If funding comes through, construction on the 12,000-square-foot terminal could start next spring.

The airport is also hoping to tap grants from the federal and provincial governments to develop a solar-powered car port in the main parking area that will also provide power to the terminal.

Efforts continue to market nearly 800,000 square metres of prime development land at the north end of the airport.

“We’re still working on that. We’ve had some interest from some companies,” said Paish. “The large aircraft maintenance, mechanics, manufacturing and cargo (businesses) is really our focus for that north-end land development.

“We’re still looking at what companies nationally could come and bring their business here.”

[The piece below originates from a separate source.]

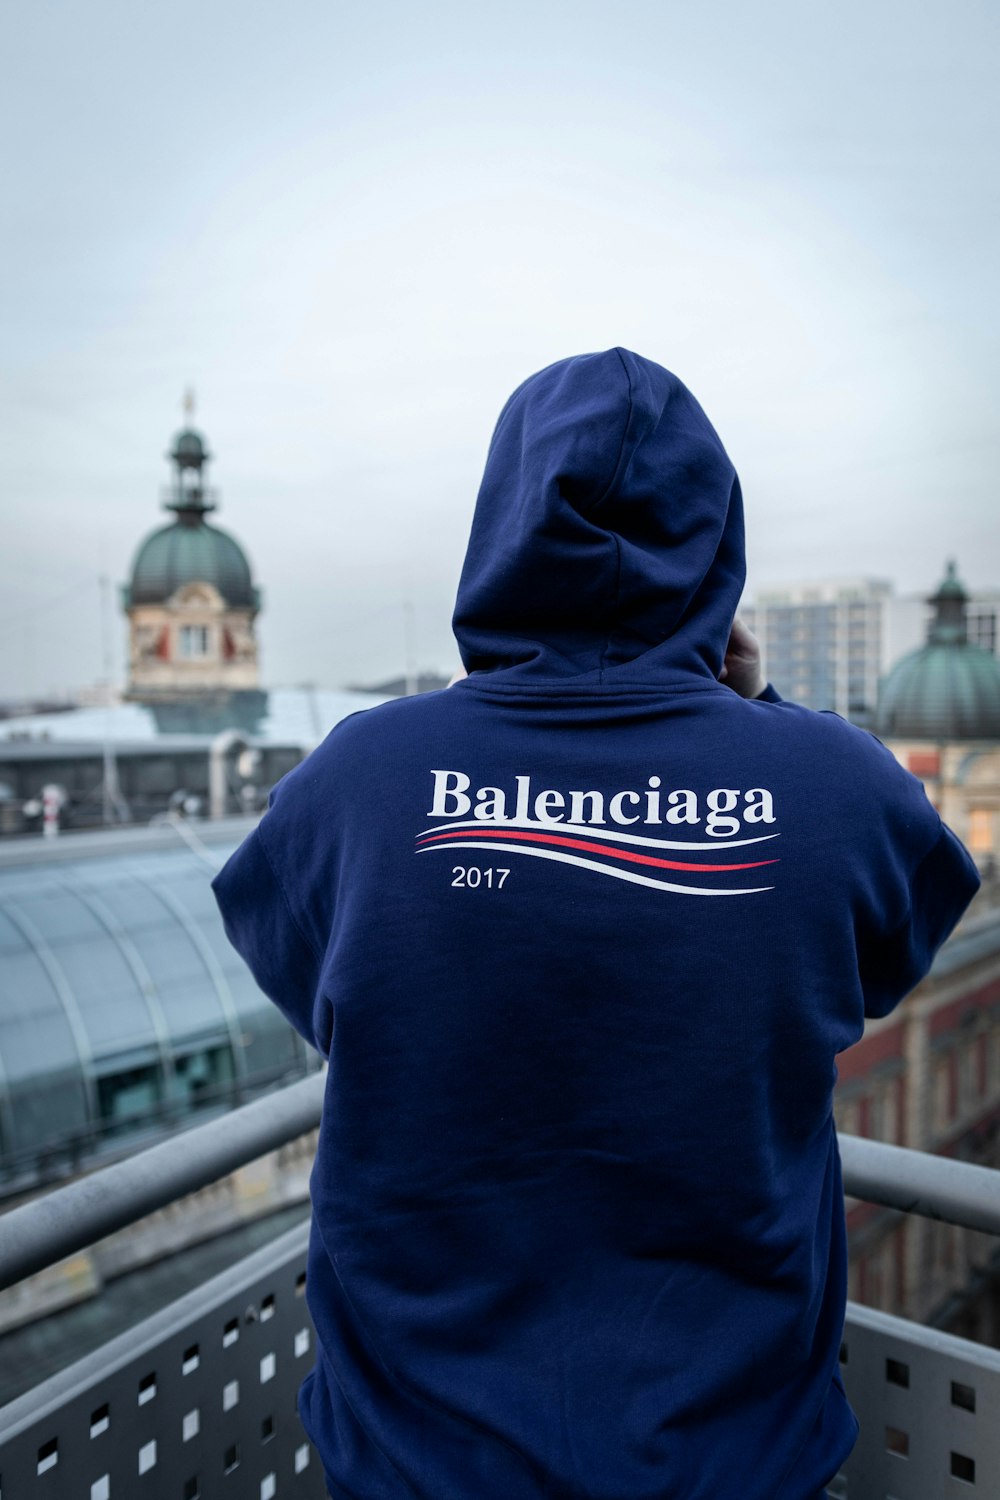 100+ Balenciaga Pictures [HD] | Download Free Images on Unsplash

Future projects include upgrading services to serve the north area, including building roads and installing fibre optics. Another future project involves improving runway safety by adding areas for runway overshoots and undershoots.

To make way for upgrades, a two-storey building parts of which date back to the 1930s, will have to be demolished along with a pair of homes once used to house technicians who oversee the navigation equipment in the tower. That will happen in coming weeks.

In a neat piece of detective work, airport staff were able to track down one of the families that lived in the homes, which date to around he 1940s, some time ago and recorded their children’s growth in a door frame. A member of the airport staff who went to go school with a grandchild of the residents provided the critical link to finding them.

“We were able to reconnect them and get them back their growth charts and some other items in the house. That was really fun to connect with them and put it in their houses now.”